Sometimes the code is small enough that you can return to it with a fresh set of eyes and just catch your issue. Usually that's not the case. In larger code bases, you want to apply normal search principles - optimize finding the issue with the fewest number of checks. To do this: [1] make sure you know the entire code path (tree) that your input leads to your output. [2] Add print statements at relevant intervals: find the "middle" of your code - whatever that means in your situation - and add a print statement "NAME: Got here 1". Then find the mid between there and the start of your code and add a print statement "Name: Got here 2". Do the same from the mid to the end of the code. Also, print out any variables you'd expect to be interesting. Do this binary searching via logs a few times. Execute your program under the same circumstances that you're having your issue. Easily find your debugging logs because they have your name in them. Then look at the variable data and see if it matches what you'd expect.

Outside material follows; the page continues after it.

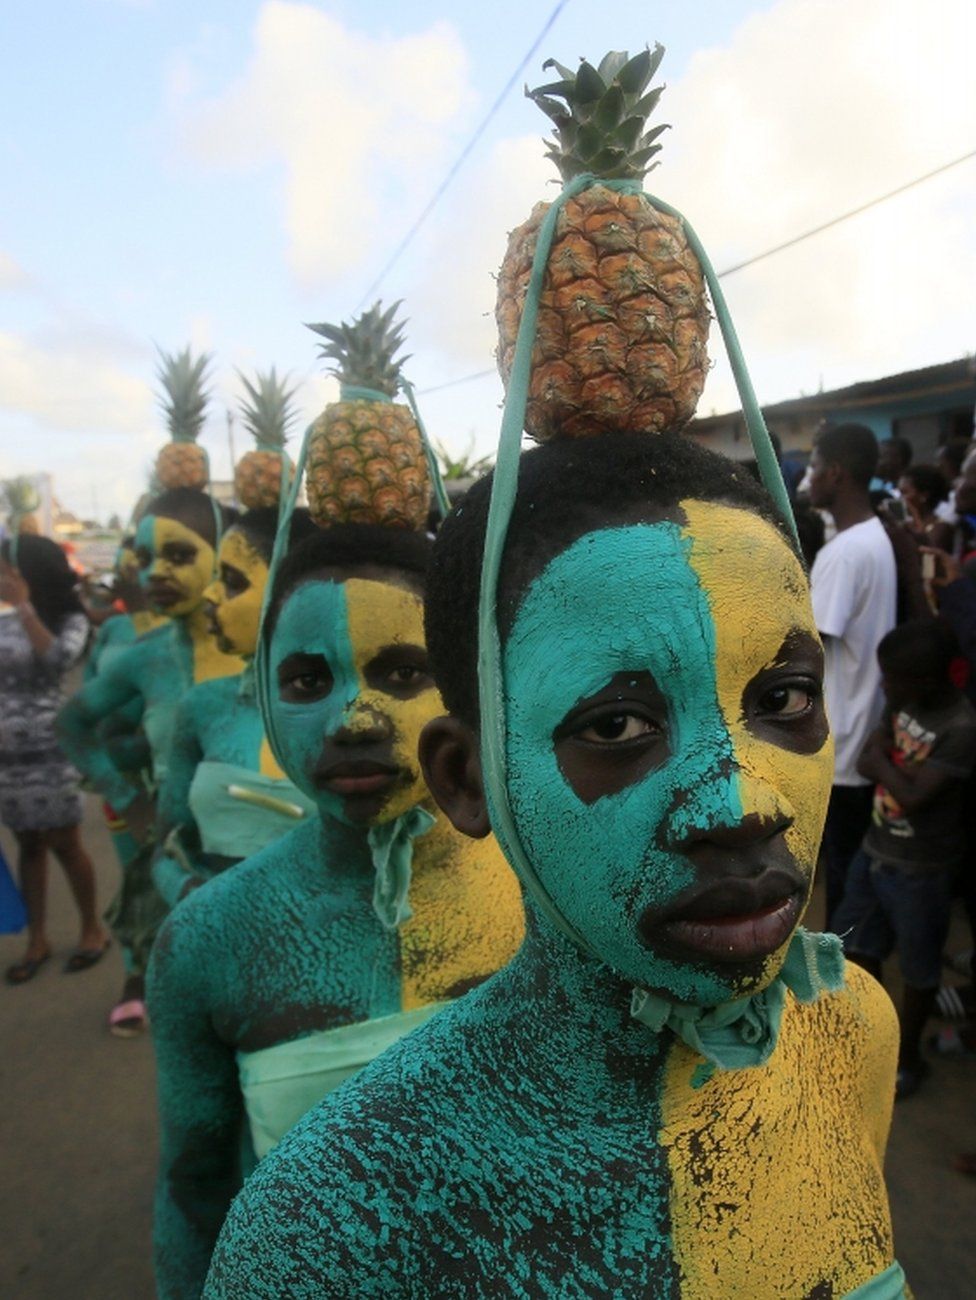 Ivorians take part in a parade on the last day of the 38th Popo Carnival in Bonoua, 60km south of Abidjan, Ivory Coast, 14 April 2018. The carnival of Bonoua is the Ivoirians version of Mardi Gras running for a week. Derived from at first a celebration of the cultural heritage of the Aboure people, the Popo Carnival involves gastronomic competitions, Miss pageants, sports days, a festival of traditional dances and reflection workshops on Popo museum amongst other activities.

Find the section of code between where "data was what I was expecting" and "data was not what I was expecting". Somewhere in there, is my issue. Add more print lines in the binary search pattern described above. This will help you narrow in on the issue quickly.
If finding the area of code that is problematic doesn't make it obvious what your issue is, then turn on your debugger and step through the code and take a live look at all the variables.
If you're still stuck - get another person involved. By this point in time, just trying to explain to your colleague what you're trying to solve will make something click in your head and viola! you figured out the issue. If not, they may be able to see the issue after you gave them context.
There's so much more to say on the topic, but this is an instructable approach that can be described and followed. I hope this helps.